The Interstate 5 bridge across the Columbia River is actually two drawbridges — the only drawbridges on I-5 between Canada and Mexico. One is 95 years old, and while there is no known safety problem, the two bridges together are a bottleneck both for river traffic and for auto and truck traffic between Portland and Vancouver, Washington. So eight transportation agencies, including the Oregon and Washington departments of transportation and, for some reason, the Portland and Vancouver transit agencies (TriMet and C-TRAN), formed a Columbia River Crossing Project that is planning either replacement or supplemental bridges across the river.

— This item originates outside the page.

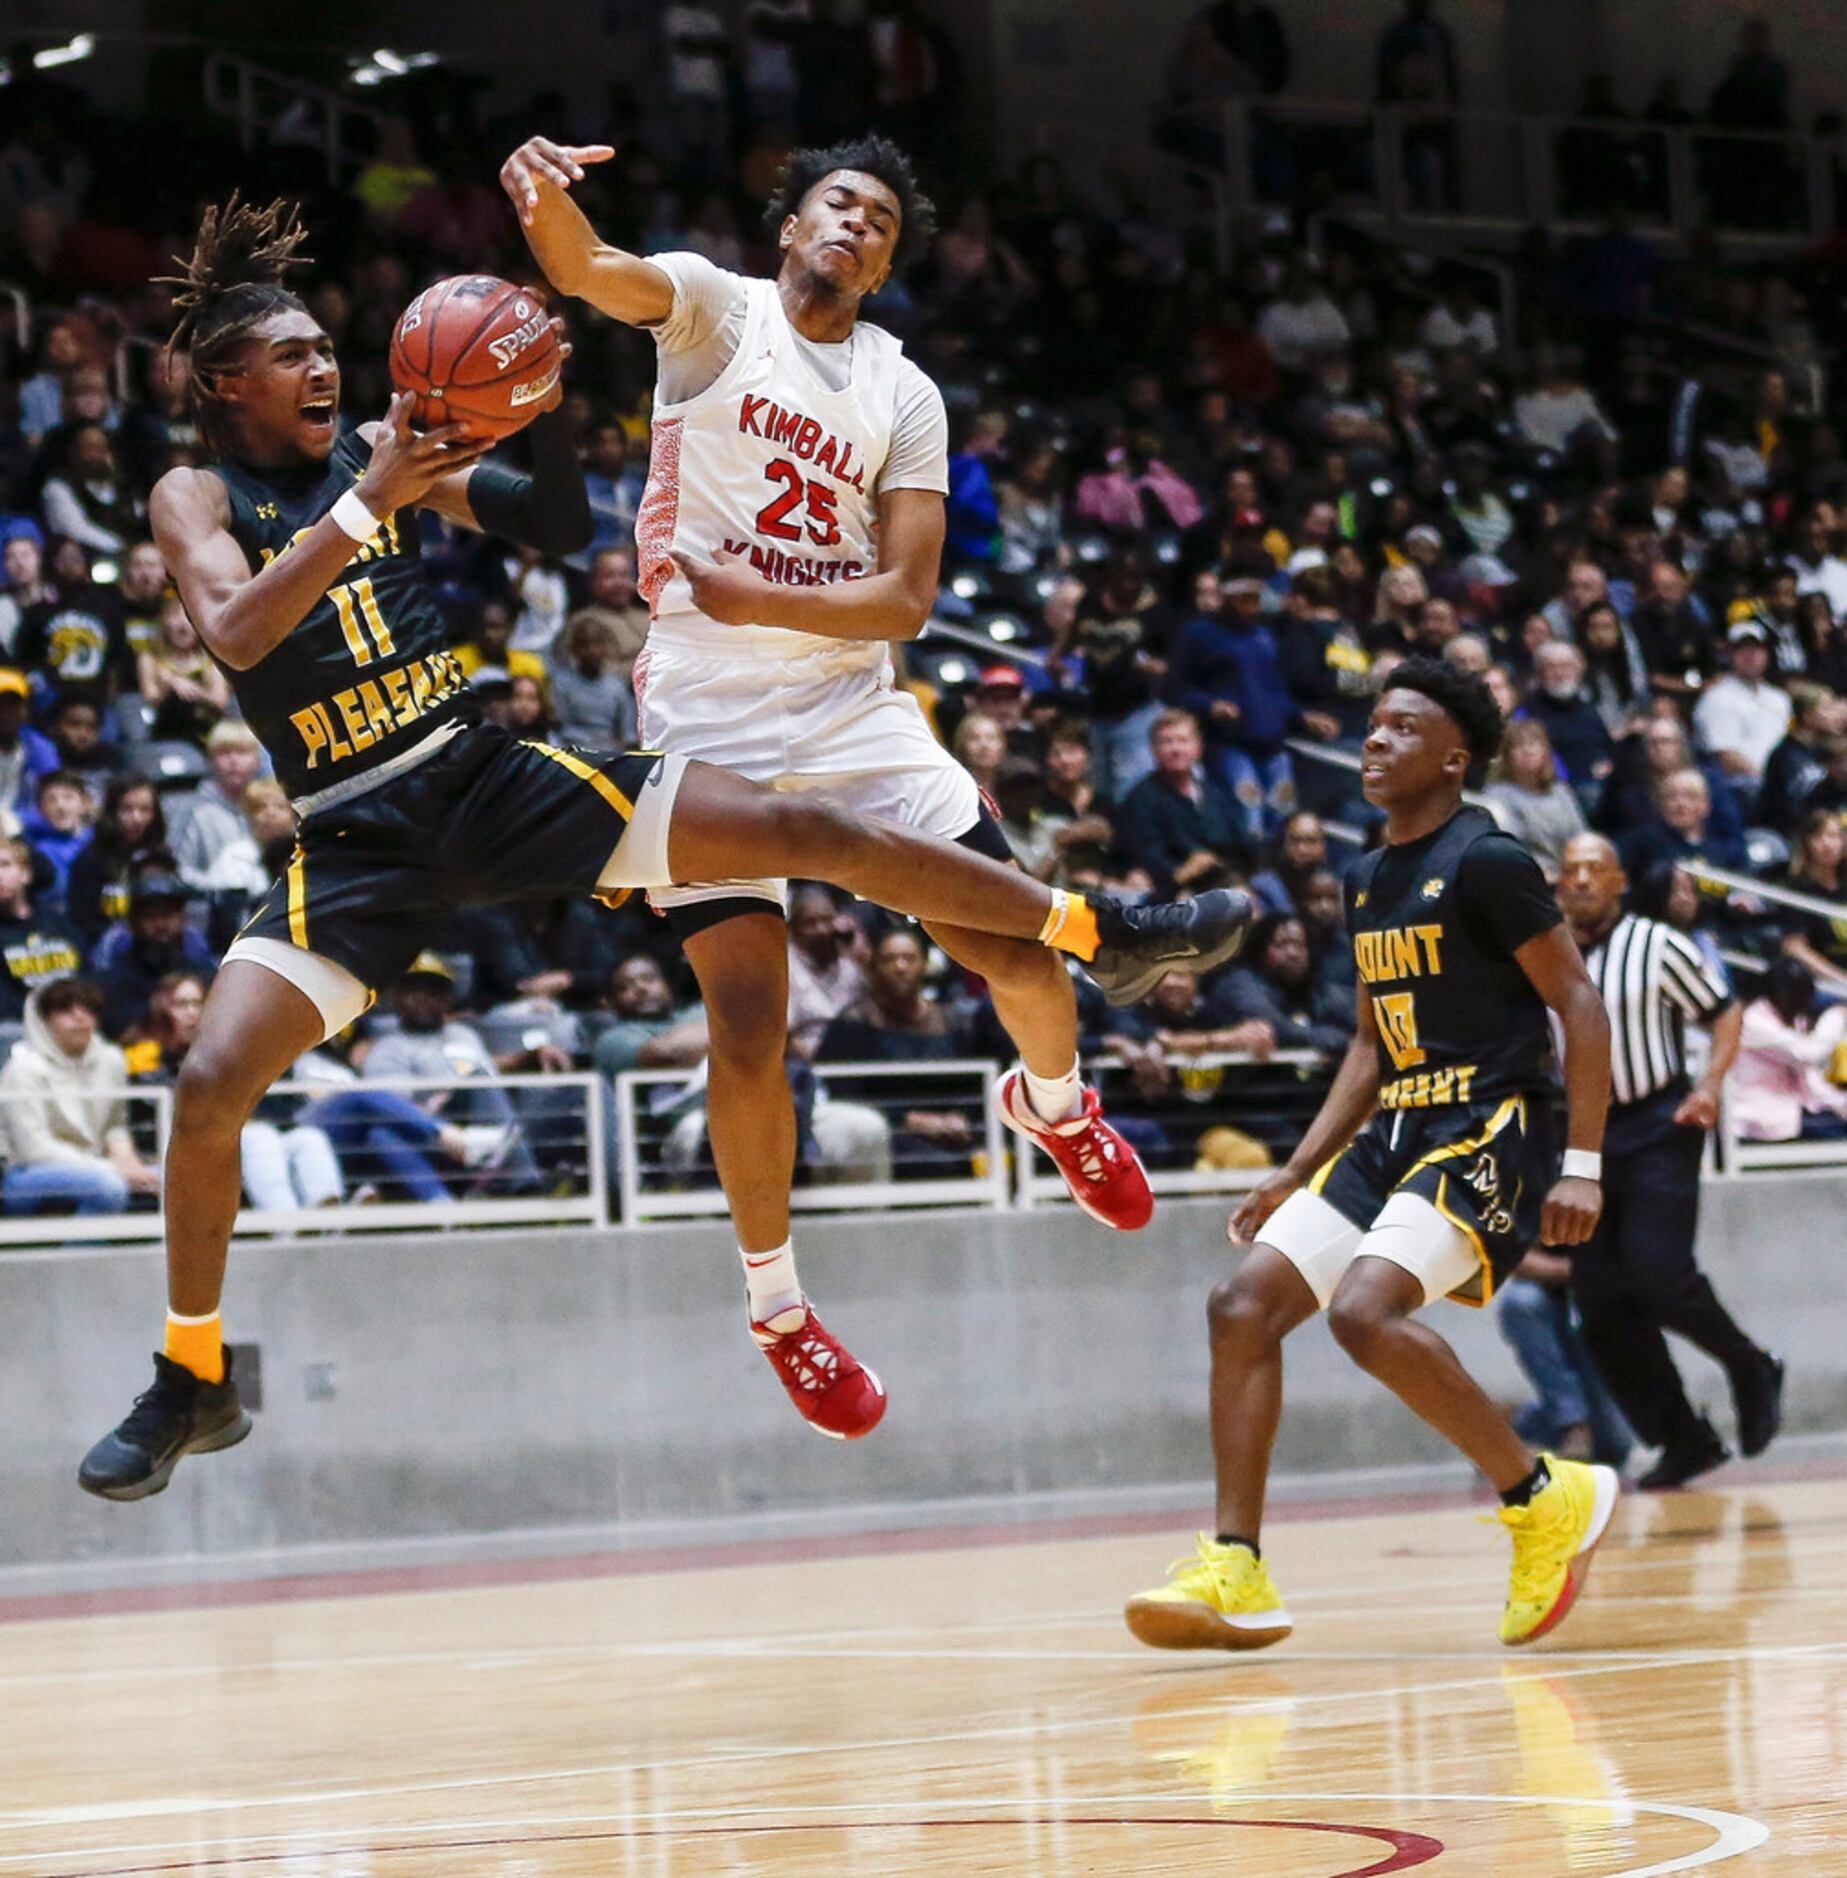 Mount Pleasant's Jamarion Brown (11) makes a rebound past Kimball's Marcus Bonner (25)...
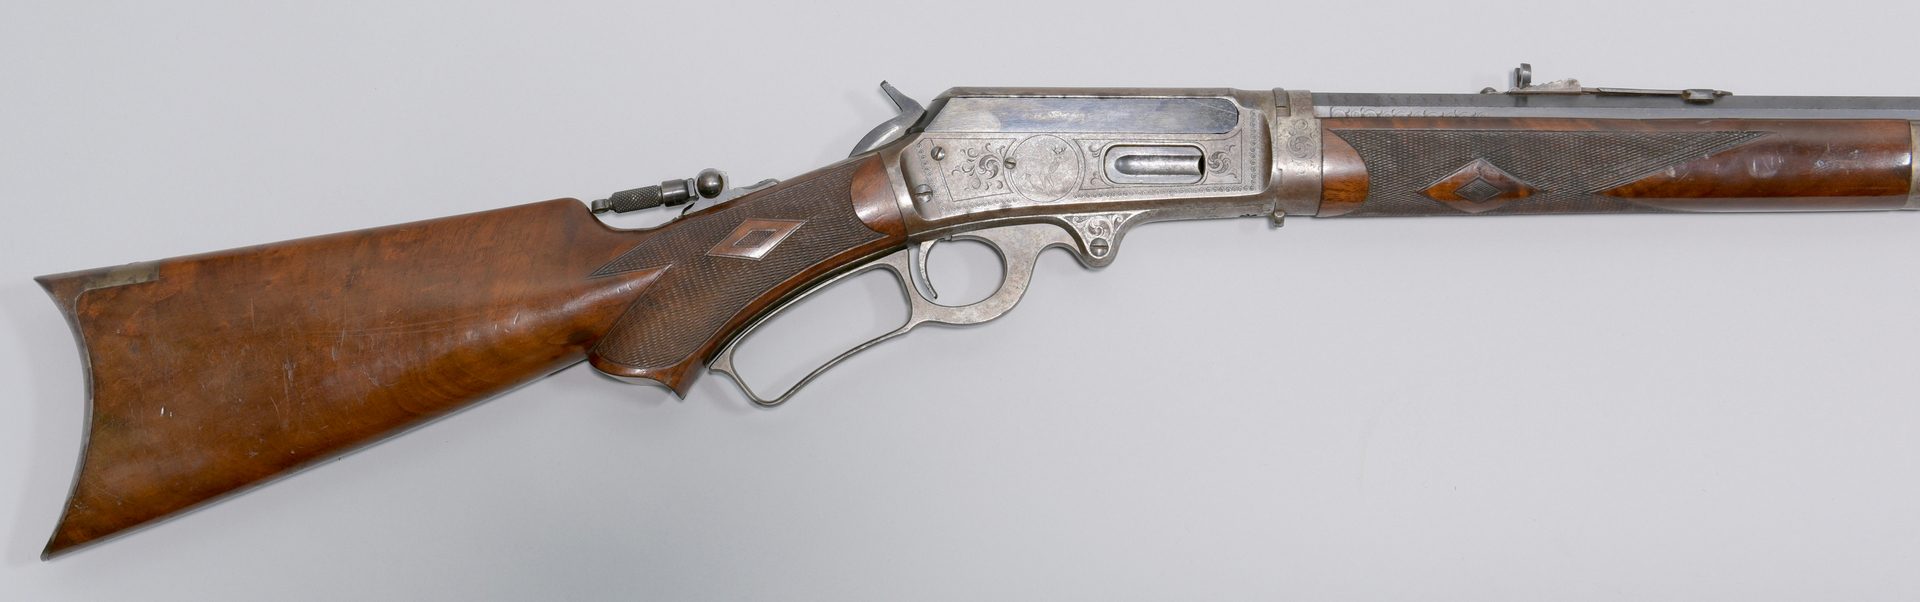 Lot 307: Marlin Special Order Deluxe Rifle, Model 1893

The Columbia River Bridge. Click any photo for a larger view.
Wikipedia photo.
The Clark County (that’s Vancouver) Building Industry Association asked the Antiplanner to look at the project’s draft environmental impact statement that came out in May. The entire DEIS and supplemental documents total some 5,000 pages. Because the Project did not post all of the supplemental documents on line, and what it did post is in numerous separate files, the Antiplanner’s faithful ally, Jim Karlock, posted the entire DEIS and technical reports in two documents.
The first thing the Clark BIA asked me was, “Why is this expected to cost $4 billion? The Washington Department of Transportation recently built a new Tacoma Narrows Bridge, which is longer than the Columbia crossing, and it cost less than $1 billion.”